■ **Task details**
Everything in the data that follows should be given again verbatim, except the images.

■ **Source data**
::::
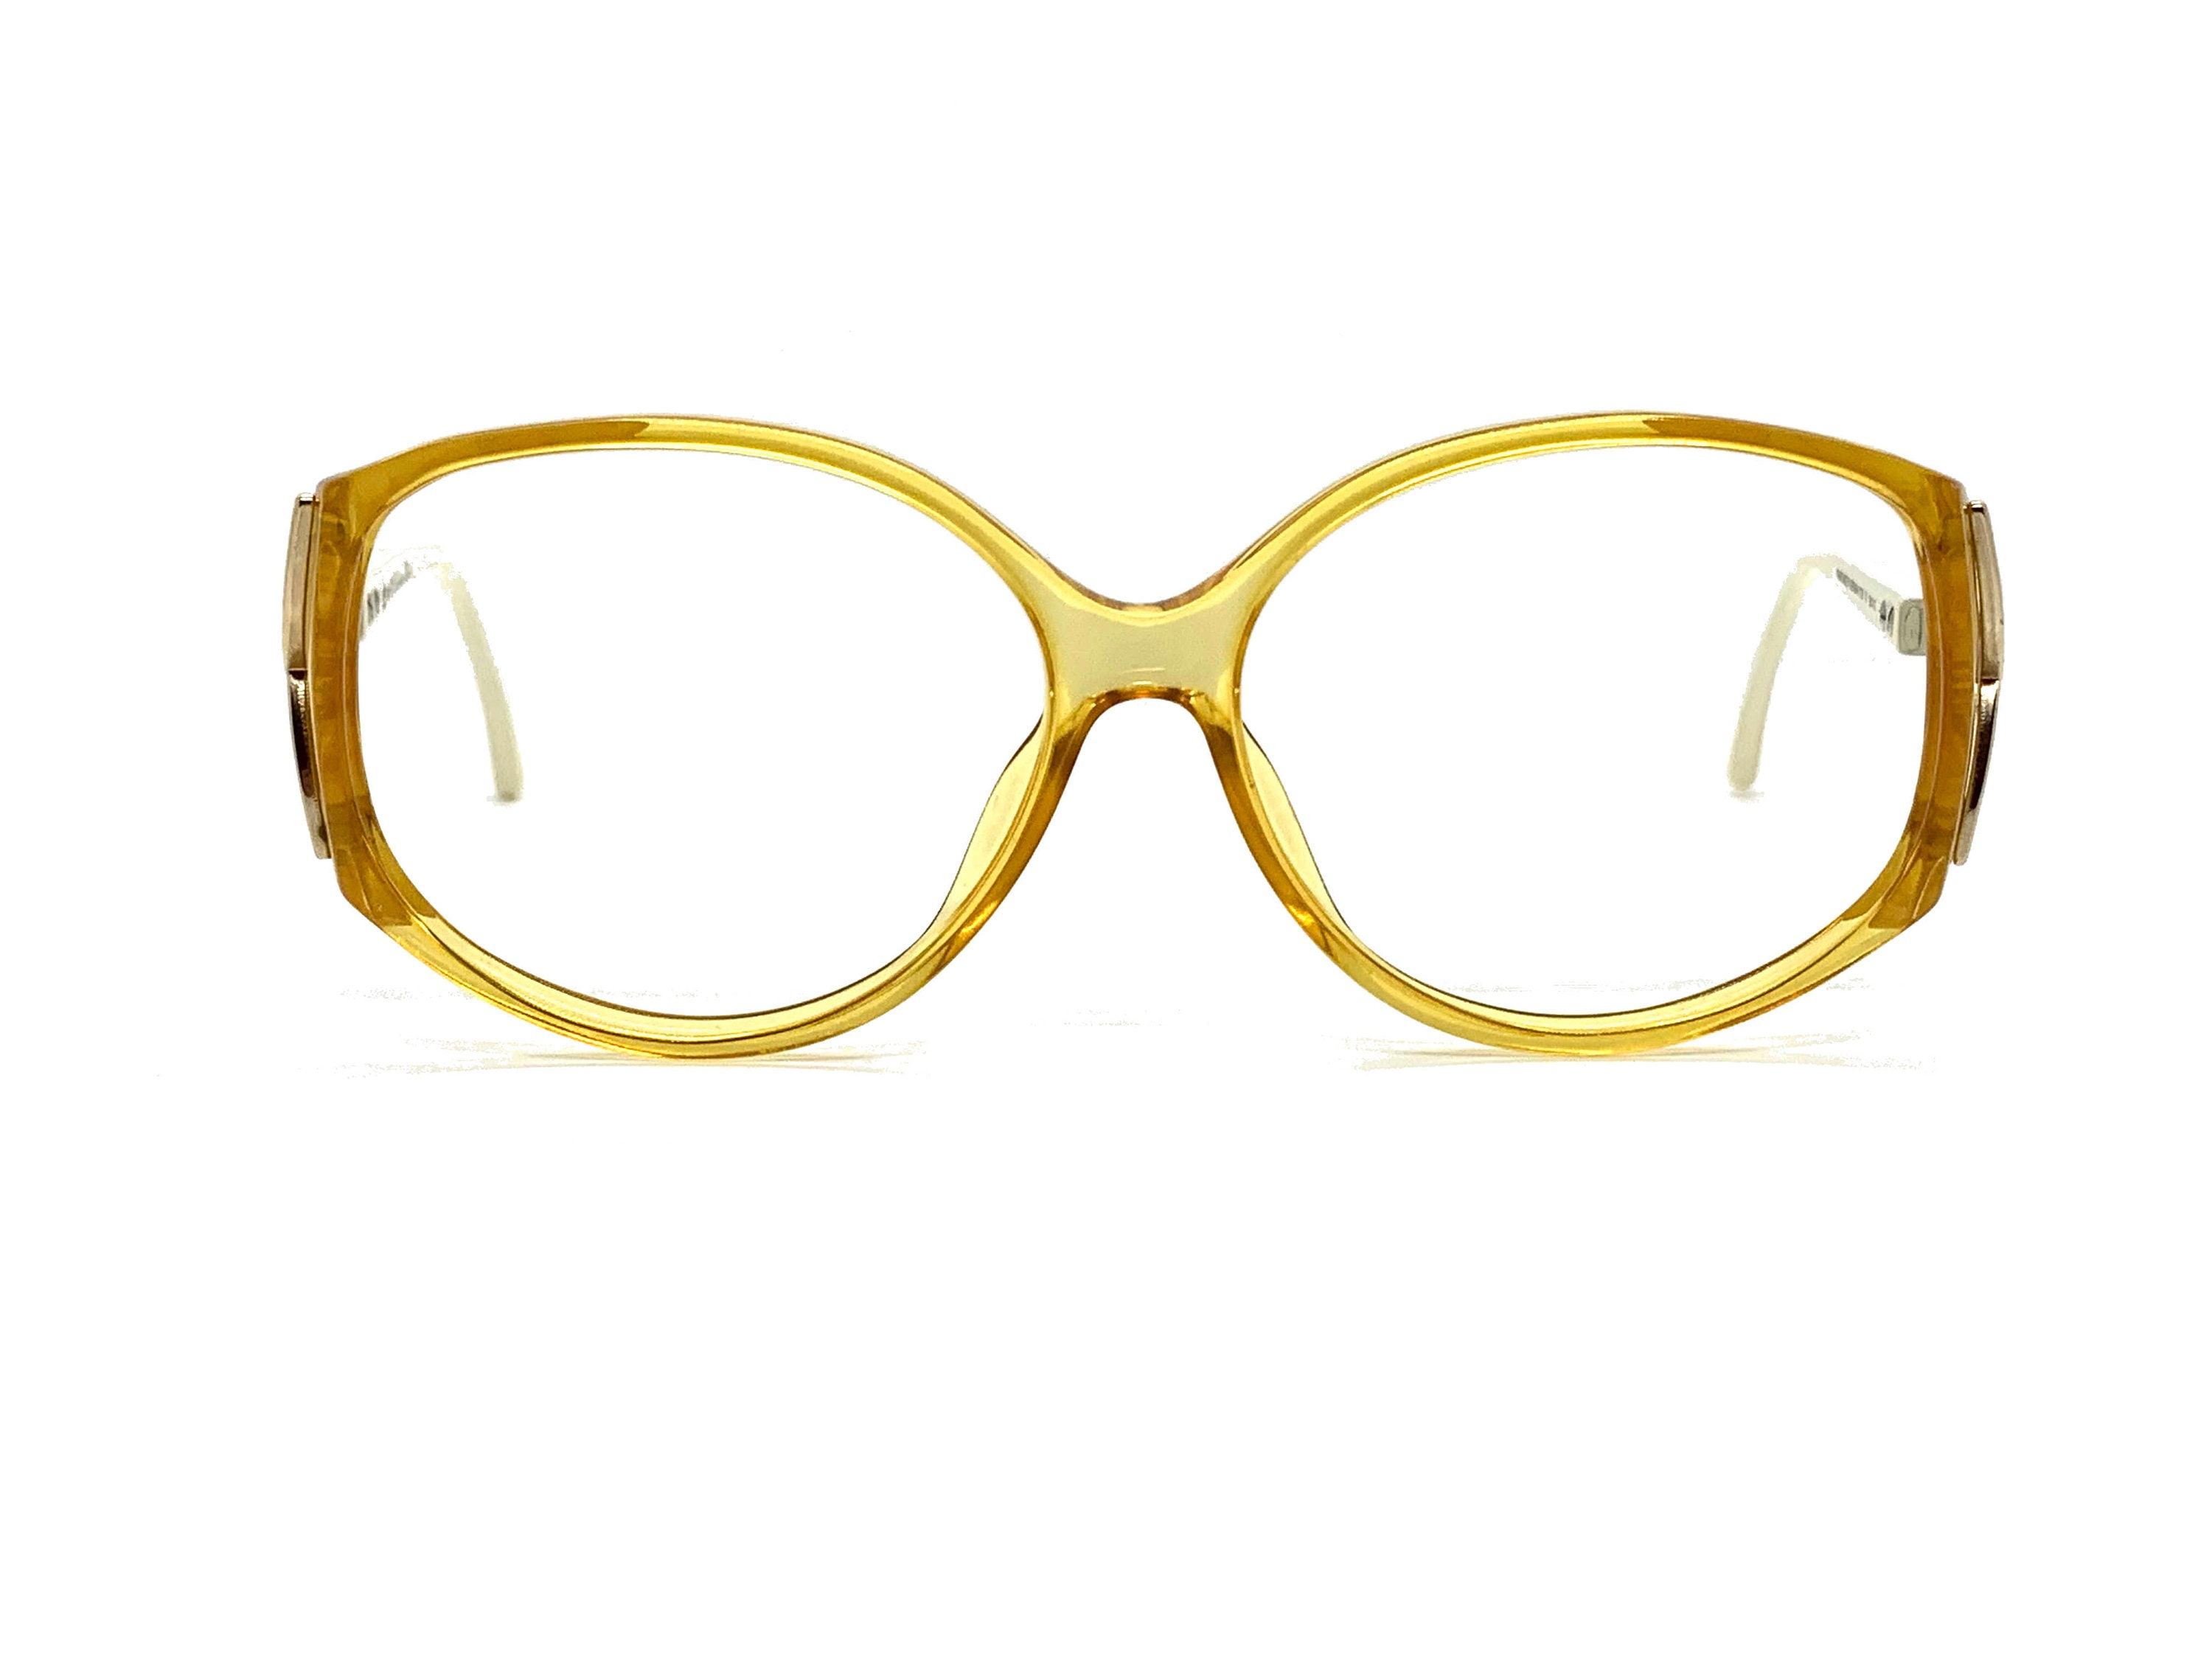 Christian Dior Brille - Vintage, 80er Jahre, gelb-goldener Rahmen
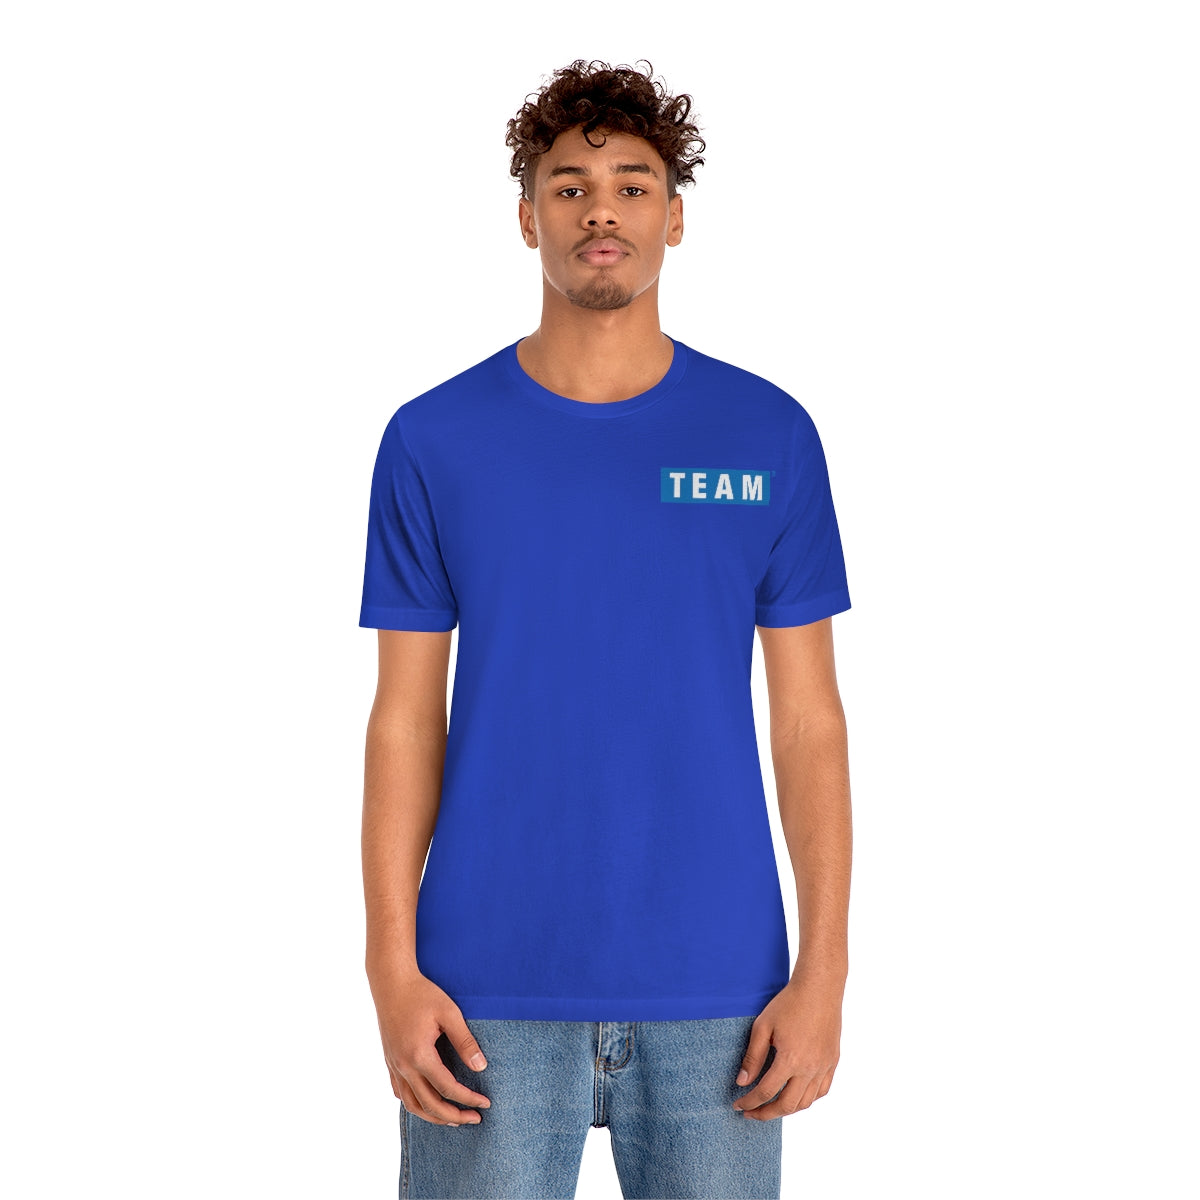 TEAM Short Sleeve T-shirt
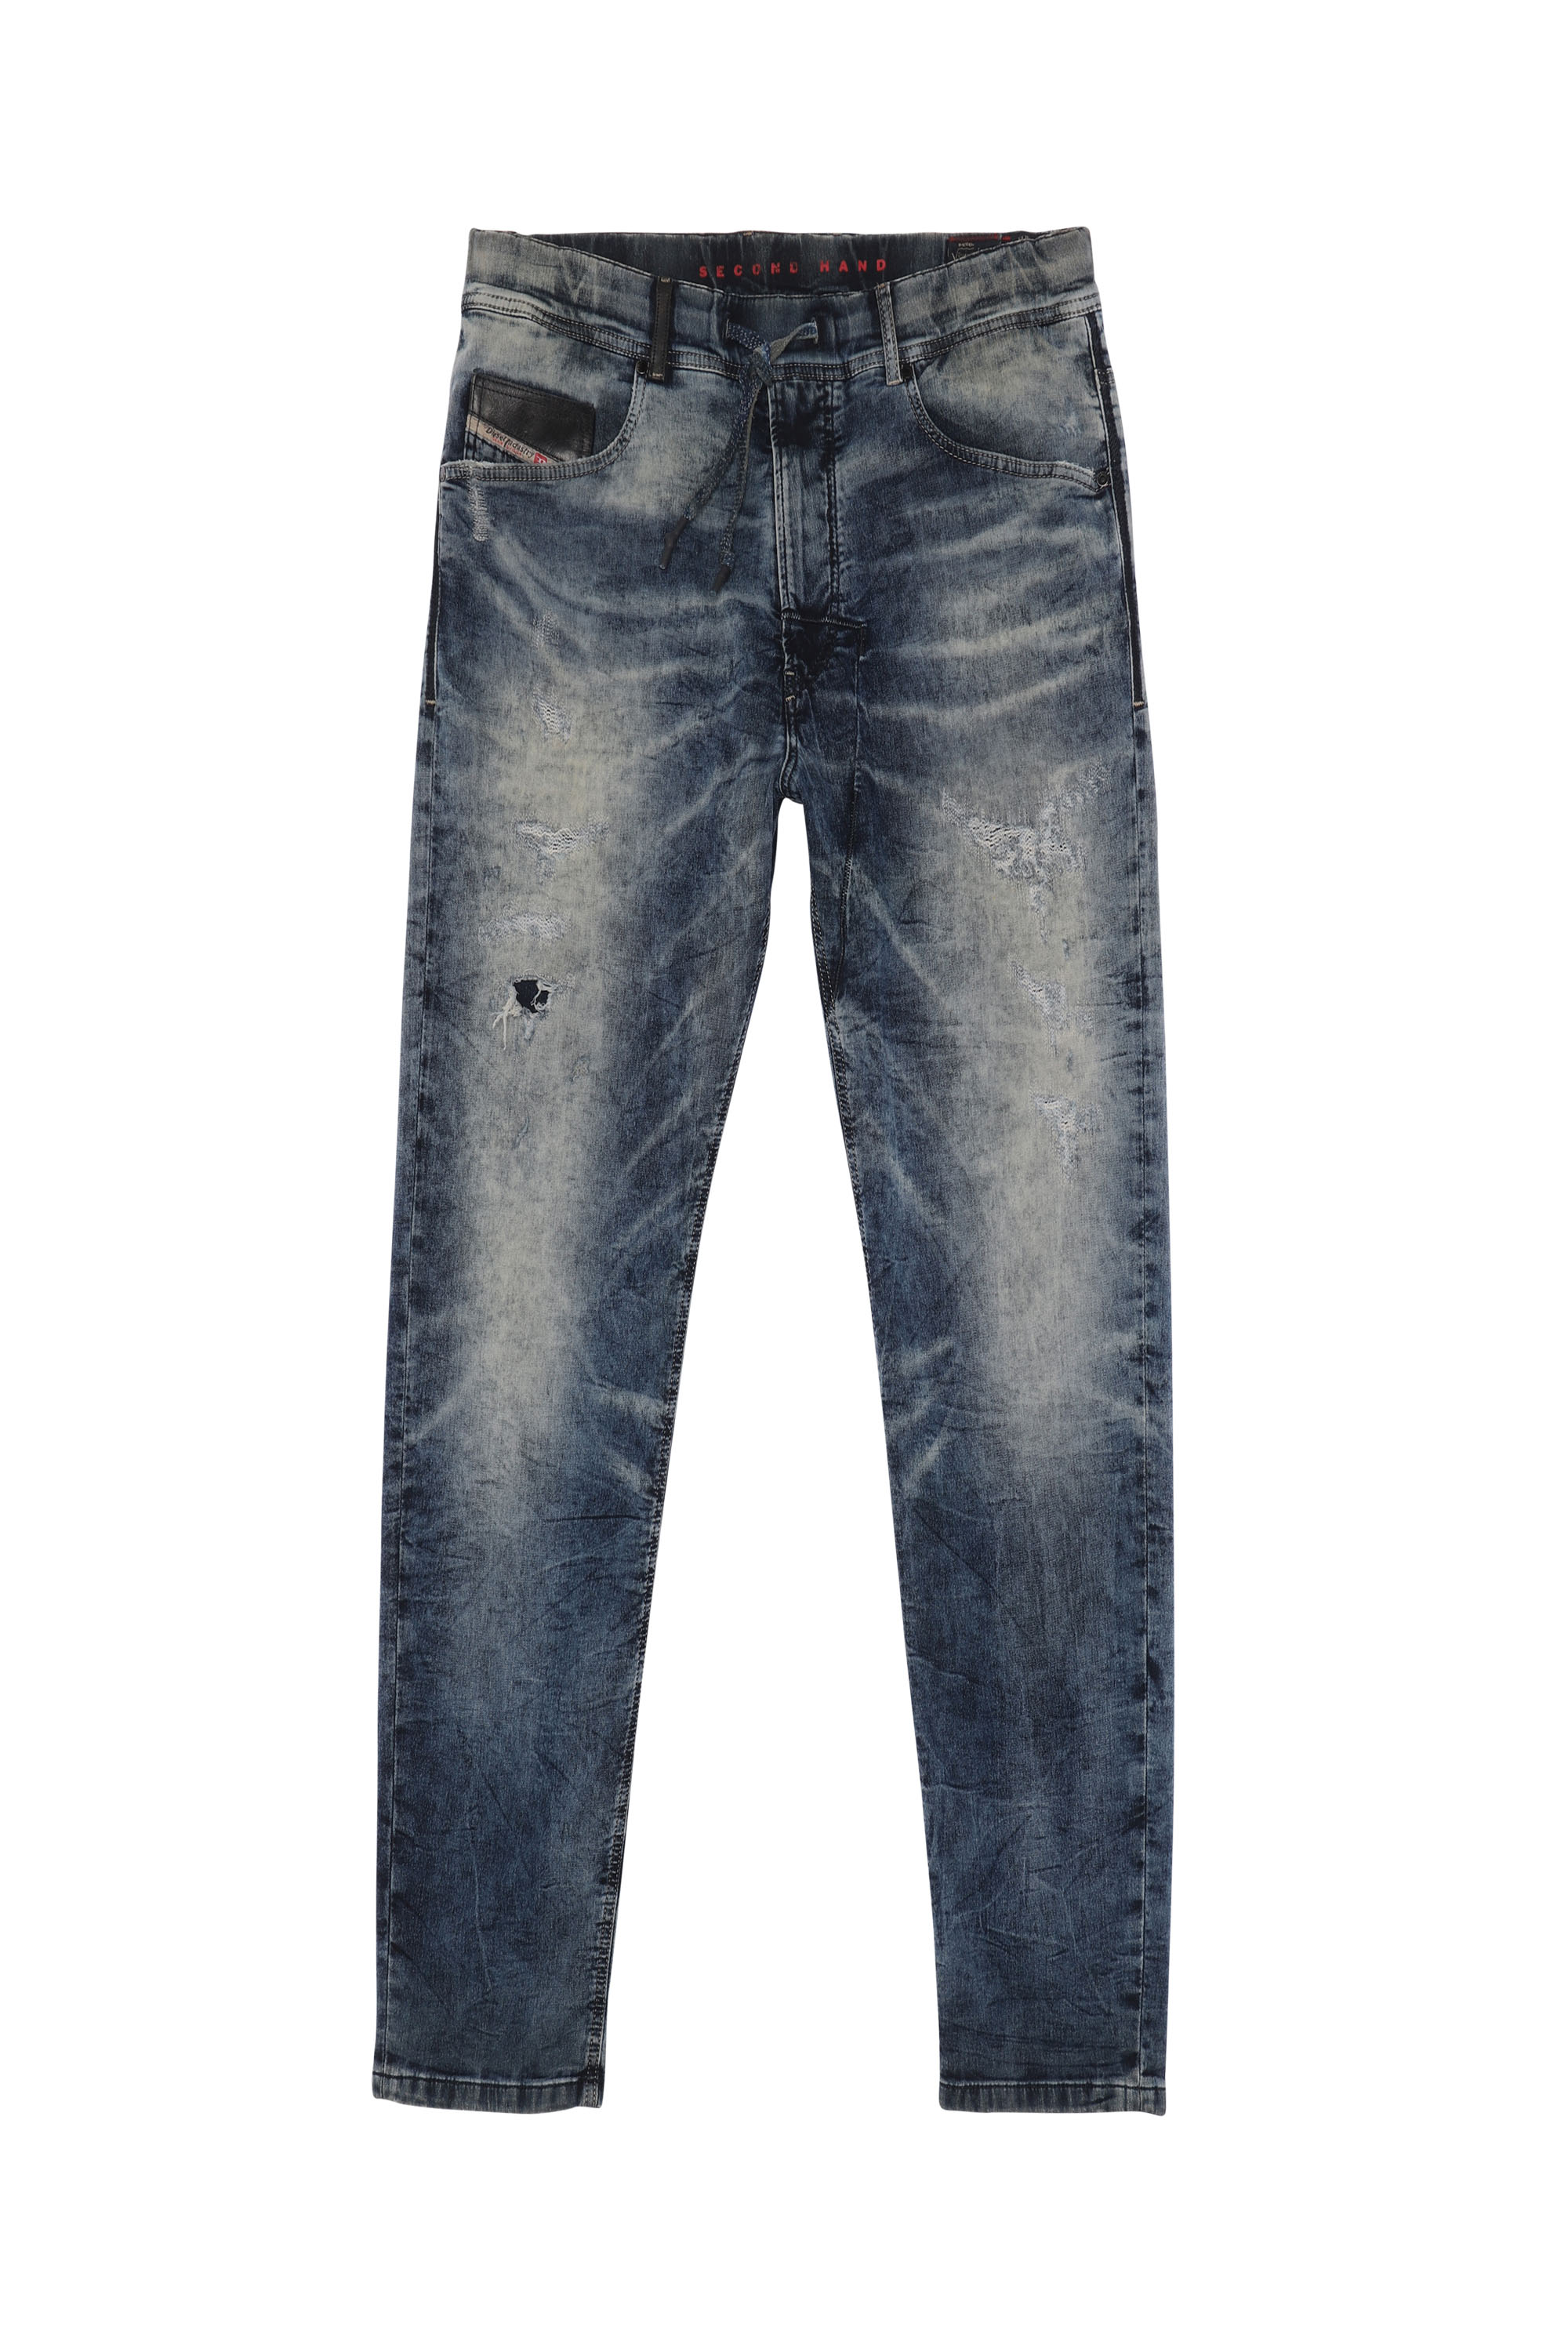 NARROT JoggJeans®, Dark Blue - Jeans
::::
■ **Expected answer**
 Christian Dior Brille - Vintage, 80er Jahre, gelb-goldener Rahmen
 TEAM Short Sleeve T-shirt
 NARROT JoggJeans®, Dark Blue - Jeans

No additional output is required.